No, I don't believe it does yet. Eric and Morrus (or any of the other moderators) are free to overrule me on this one, of course.

Here's why:

Reading that, is anyone saying, "Wow, i now have enough information that I don't want to buy the book"?  No, they're saying, "Cool! I want to buy this ASAP!"  And that's a good thing.

Should anyone offer to make the pdf available, however, that'll change awfully quickly.  You have to use good judgement on how much is appropriate.


----------



## Khan the Warlord (May 18, 2002)

Glad to see its closed now, but I hate the fact that Andy Collins had to be the one to inspire that it be done and now he's stated that WotC playtesting will be changed.

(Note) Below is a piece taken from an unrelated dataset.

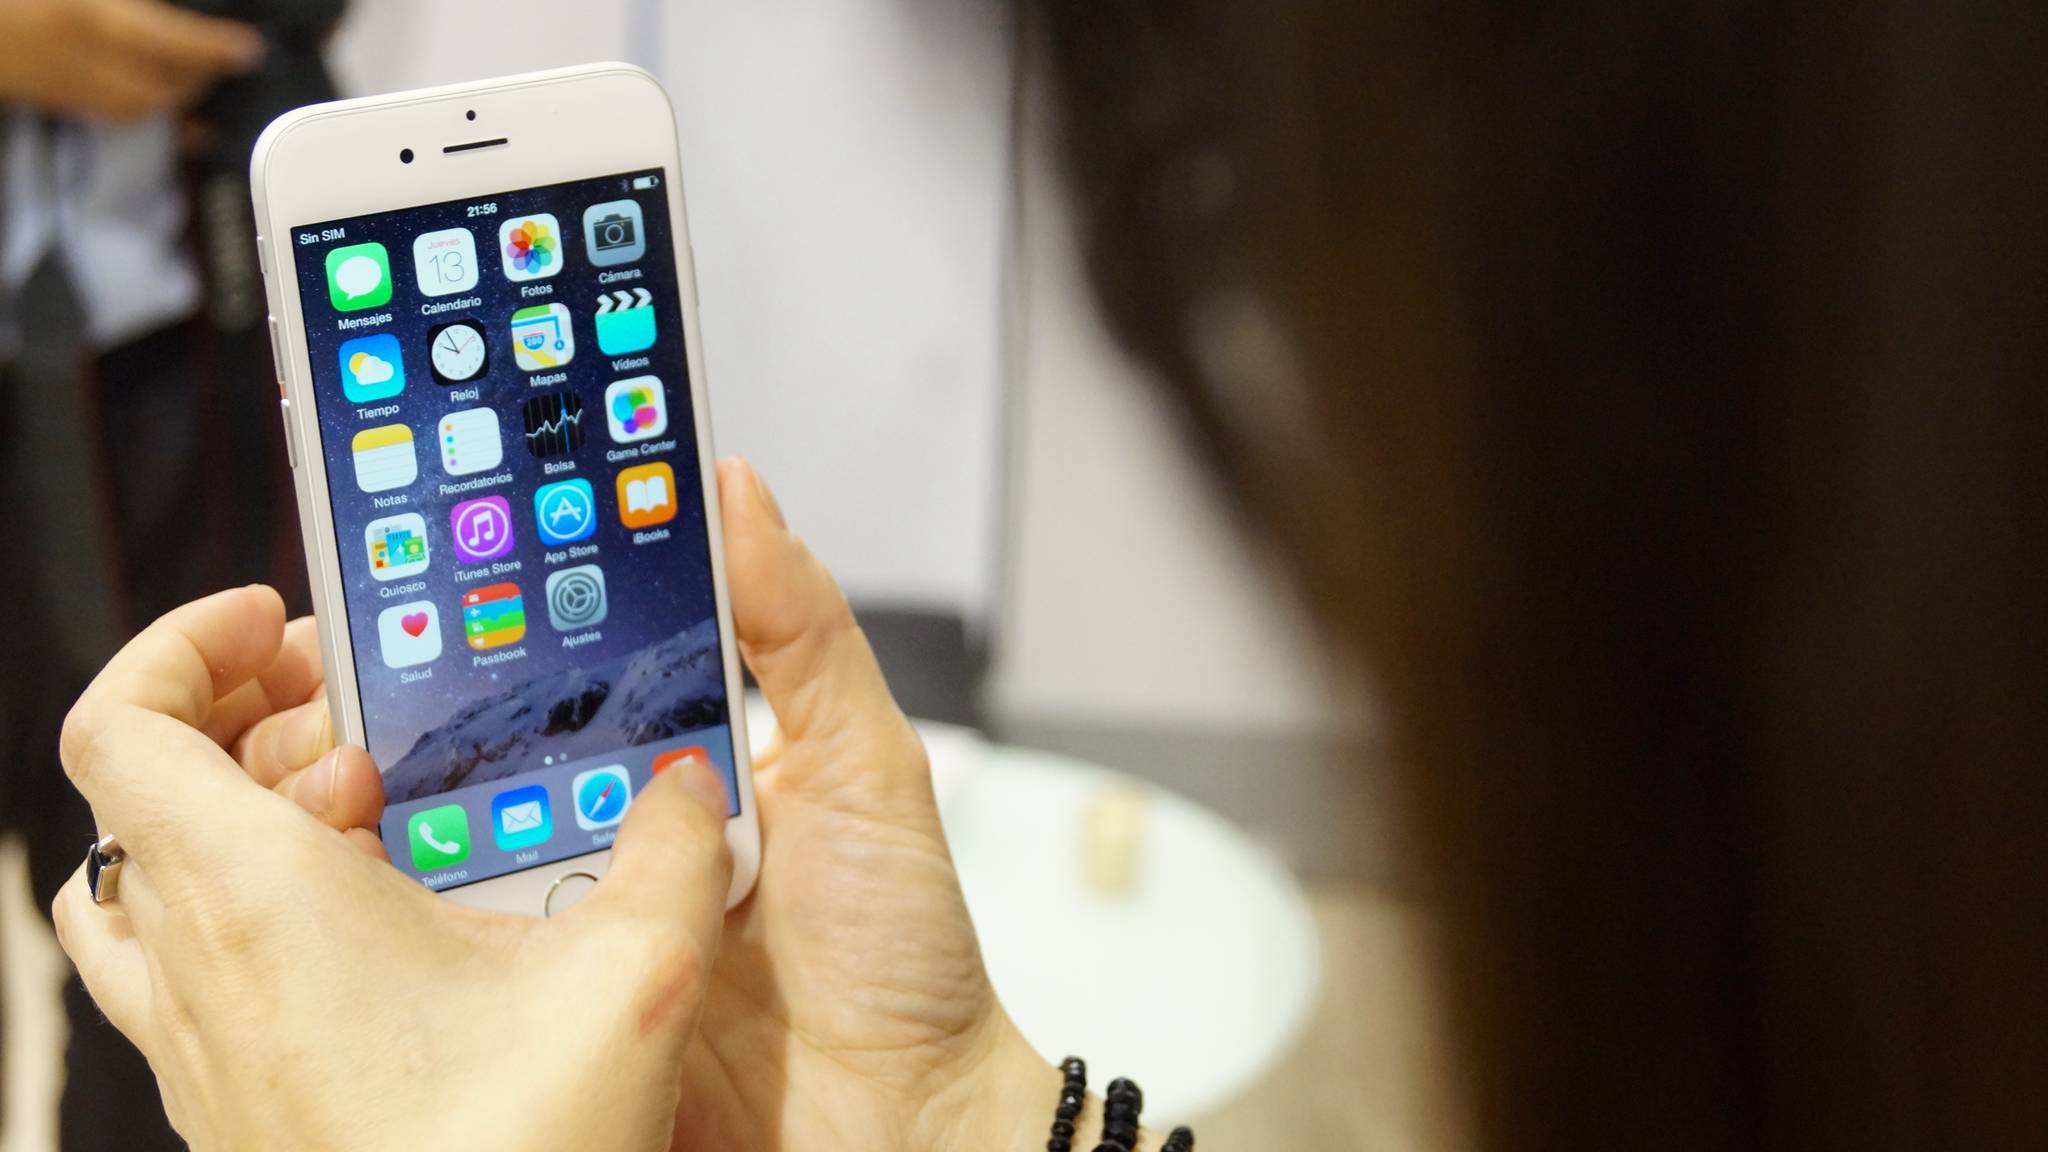 Apple gets behind mobile ad blocking
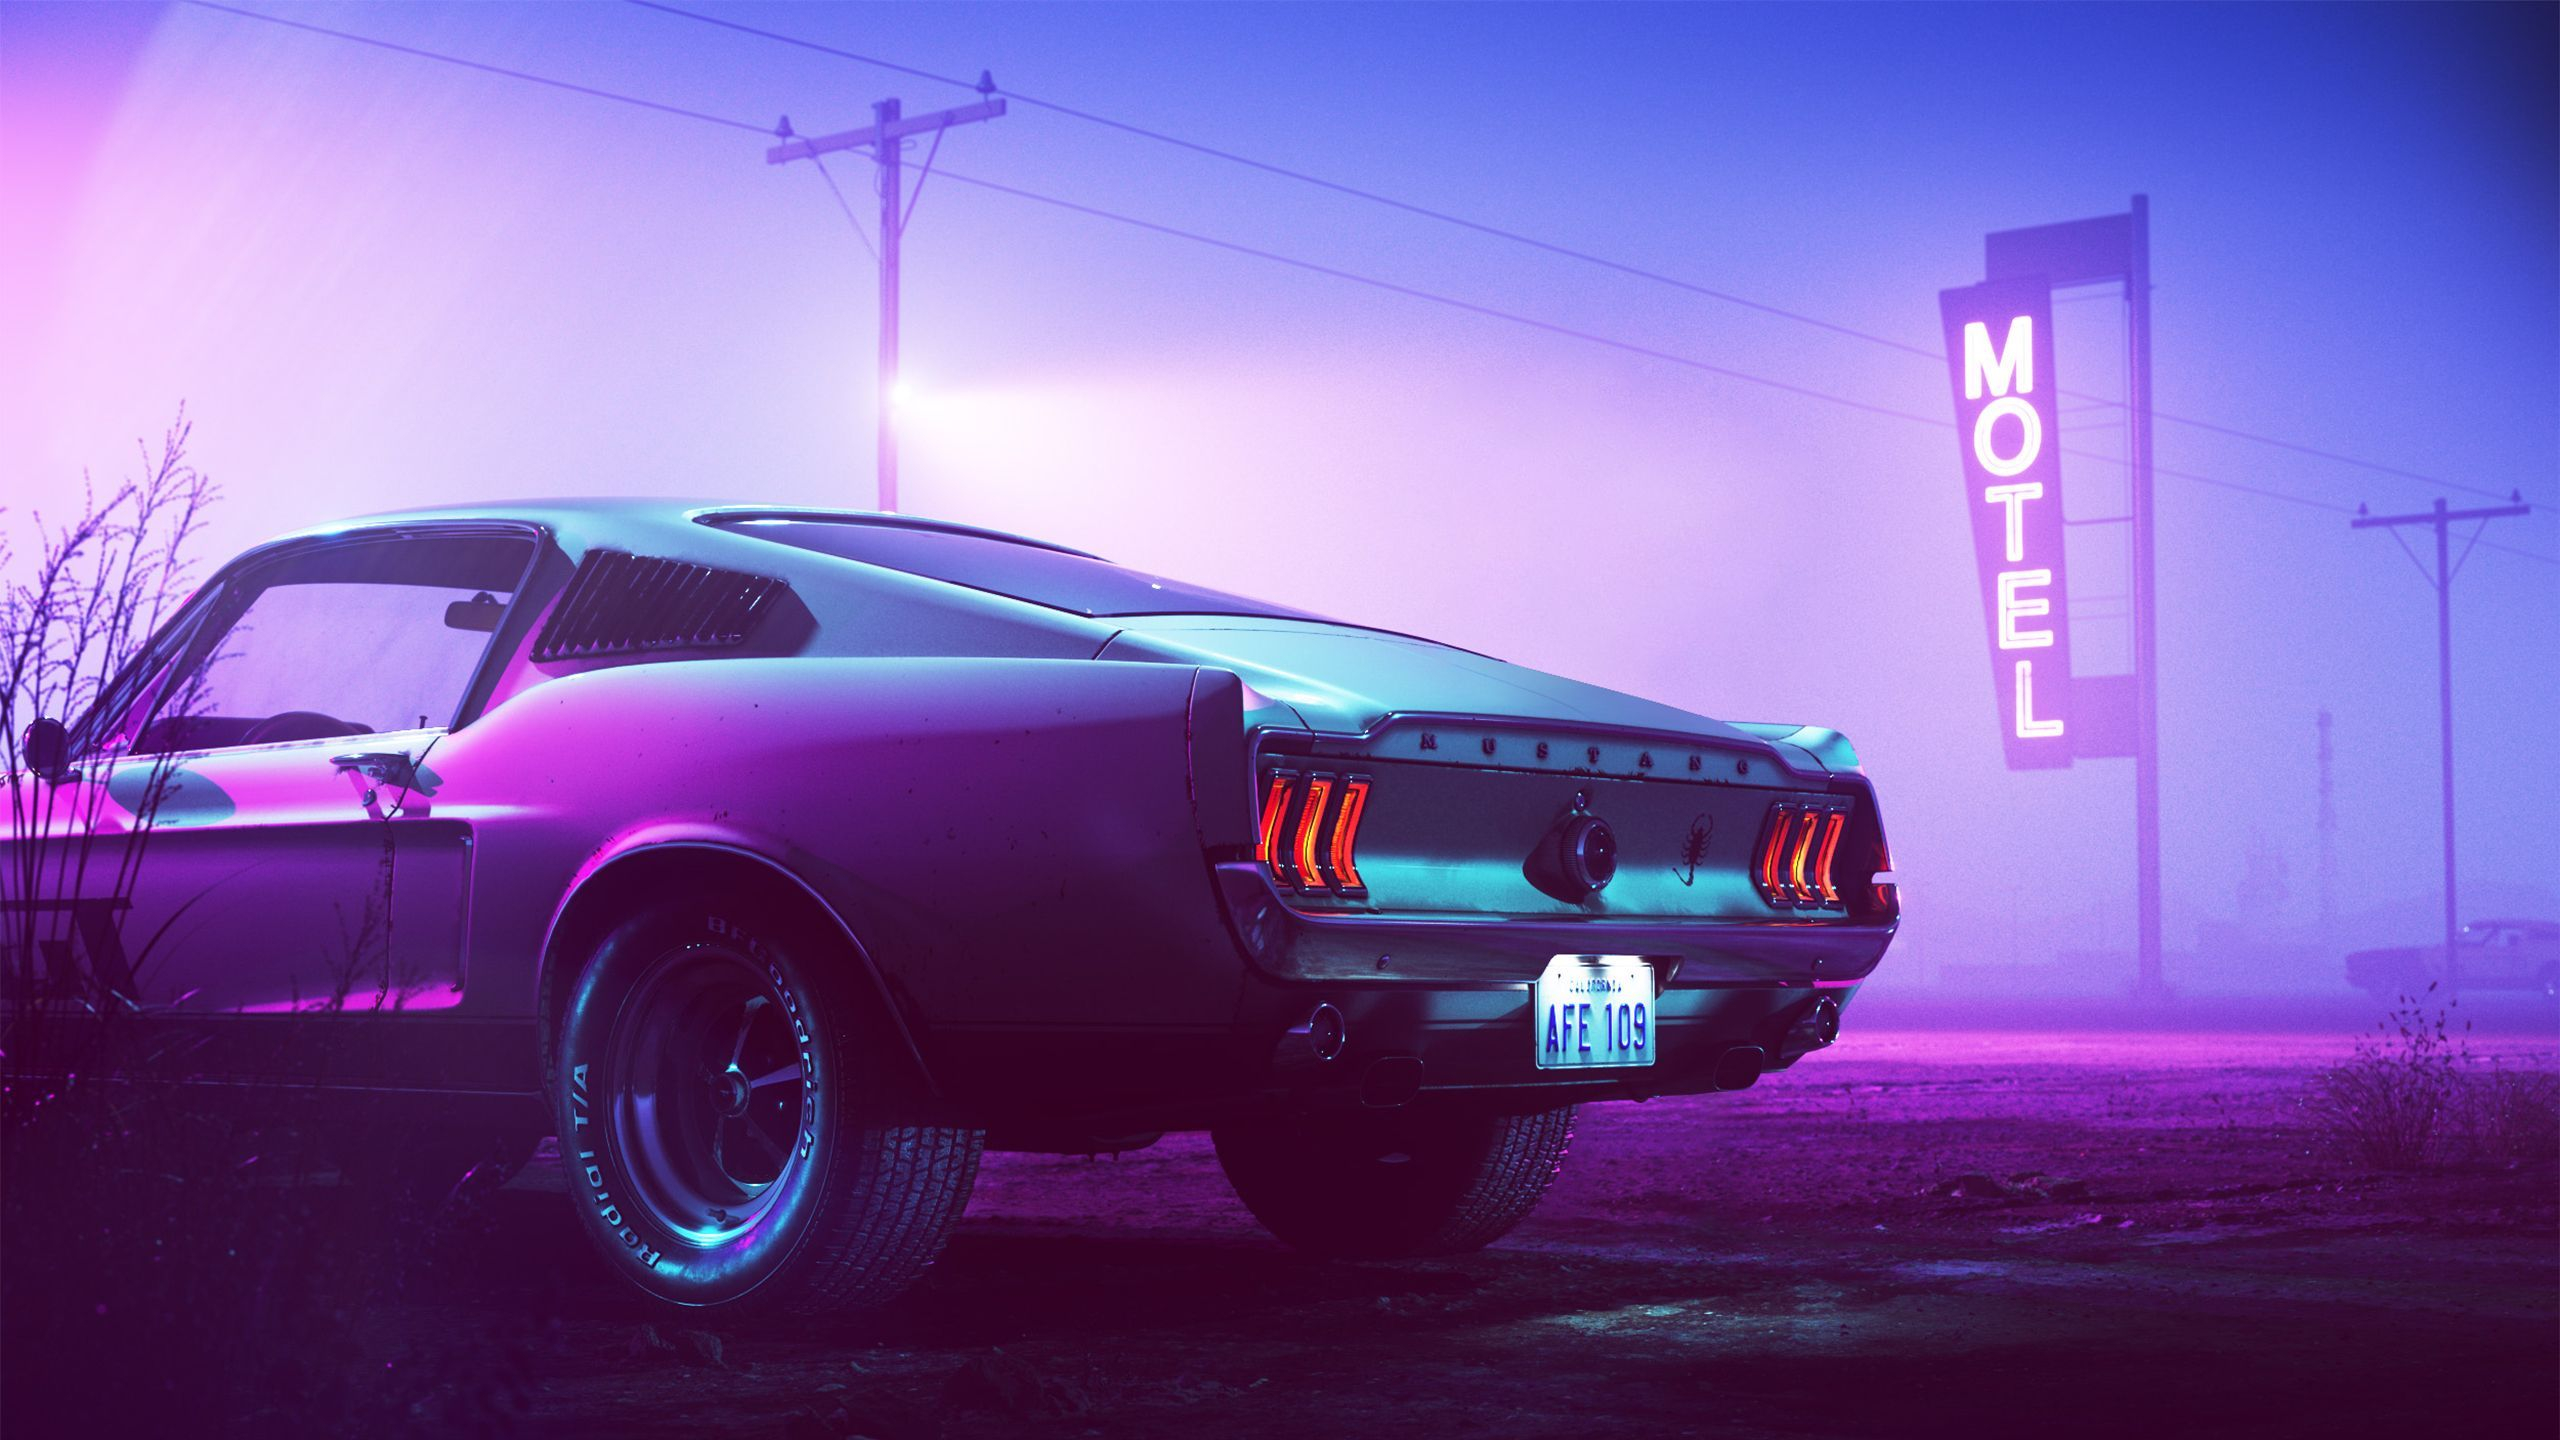 2560x1440 Neon Mustang Wallpapers Top Free Neon Mustang Backgrounds

/me just walks away, hating being right as usual


----------



## xmanii (May 18, 2002)

Khan the Warlord said:
			
		

> *Glad to see its closed now, but I hate the fact that Andy Collins had to be the one to inspire that it be done and now he's stated that WotC playtesting will be changed.*




Got a link for that?


----------



## Darkness (May 18, 2002)

xmanii said:
			
		

> *
> 
> Got a link for that? *



Hmm... Maybe he's referring to the following:



> _Originally posted by Andy_Collins on Malik Doom's thread_
> *In case it's not clear, this activity represents an awfully good way to ensure that external playtesting ENDS. It's a privilege, not a right, and people like "Malik Doom"--and, frankly, everyone encouraging such efforts--are busy putting nails in the coffin.*


----------